Describe and evaluate current prevalence of nutrition-related chronic health outcomes.
Approach to Answering the Question
Data Analysis and Food Pattern Modeling Cross-Cutting Working Group
Data Analysis Protocol
Developed for each scientific question being examined, the protocol describes the plan for how the data analysis will be conducted. The protocol provides the:
- Analytic framework,
- Analytic plan, and
- Analysis results.
For this question, the prevalence of nutrition-related chronic health conditions are outcomes consistent with nutrition-related chronic health conditions being examined as part of the systematic review approach. These will be described using nationally representative data descriptive of the U.S. population.
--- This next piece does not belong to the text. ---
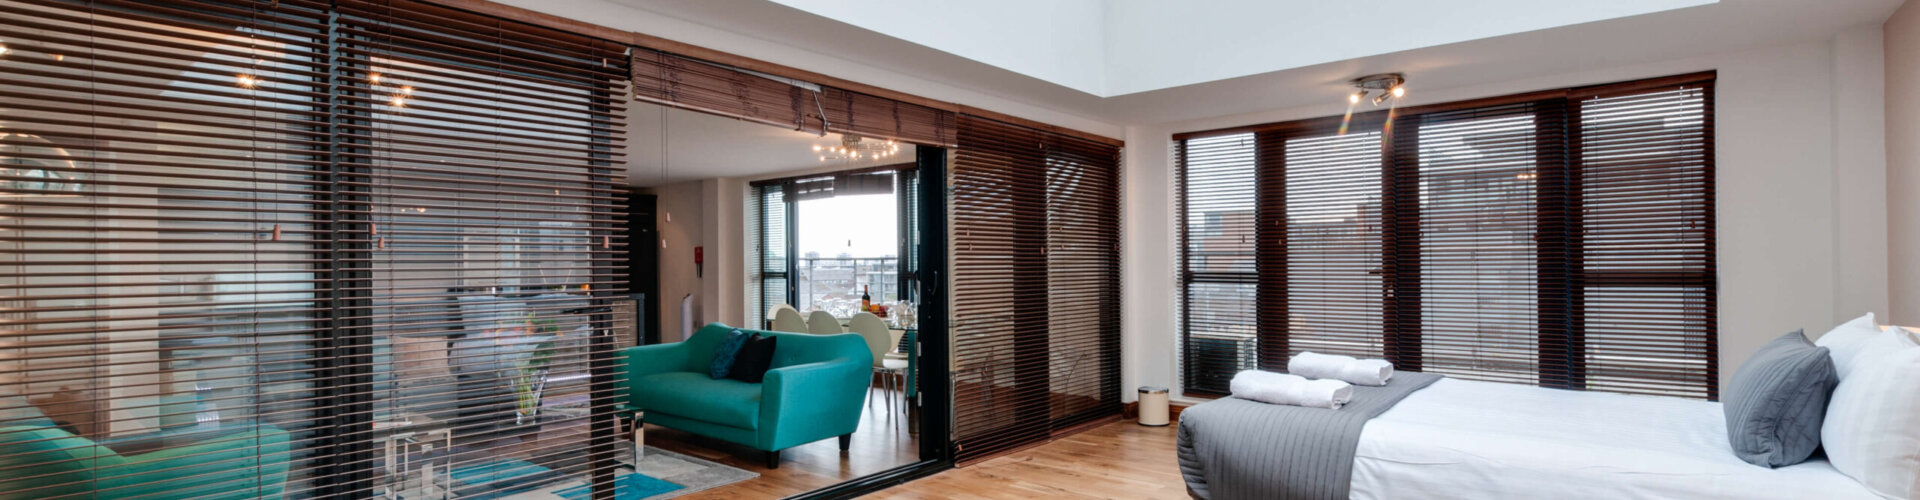 Bedroom Duke Street Apartment Liverpool
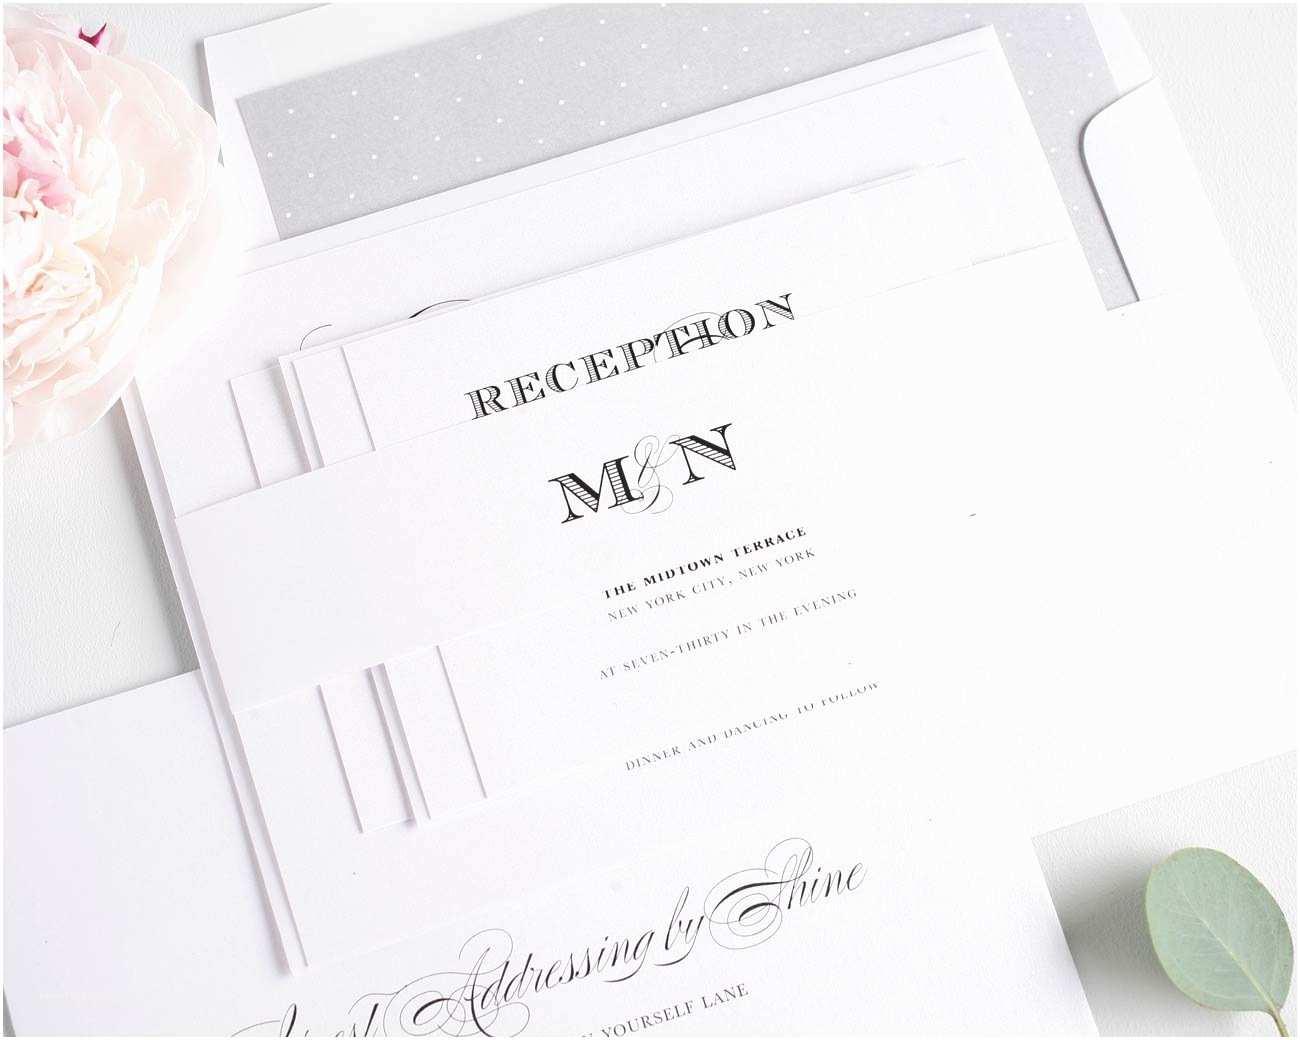 Elegant Wedding Invitations ornate Elegant Wedding Invitations In Black and White

The following categories of nutrition-related chronic health conditions will be considered:
- Growth, Size and Body Composition Outcomes
- Food Allergy Disease Outcomes
- Cardiovascular Intermediate and Endpoint Outcomes
- Cancer Outcomes
- Type 2 Diabetes
- Metabolic Syndrome
- Chronic Liver Disease
- Gestational Diabetes
- Pregnancy-related Hypertensive Disorders
Draft Conclusion Statement
The draft conclusion statements listed below describe the state of the science related to the specific question examined. Draft conclusions are not considered final until they have been deliberated with and decided upon by the full Committee and published in the Committee’s final advisory report. Individual conclusion statements should not be interpreted as dietary guidance or the Committee’s overarching advice to the Departments.
Nutrition-related chronic health conditions are common across every life stage of the U.S. population; those related to unhealthy diet, overweight, and obesity remain highly prevalent among all age groups. There are disparities in the severity of the prevalence, incidence, or mortality rate of chronic health conditions between groups classified by sex, age, race-ethnicity, income level, and weight status. In general, chronic health conditions have become more prevalent over time and are highest among older populations, racial and ethnic minority groups, and those with lower income levels.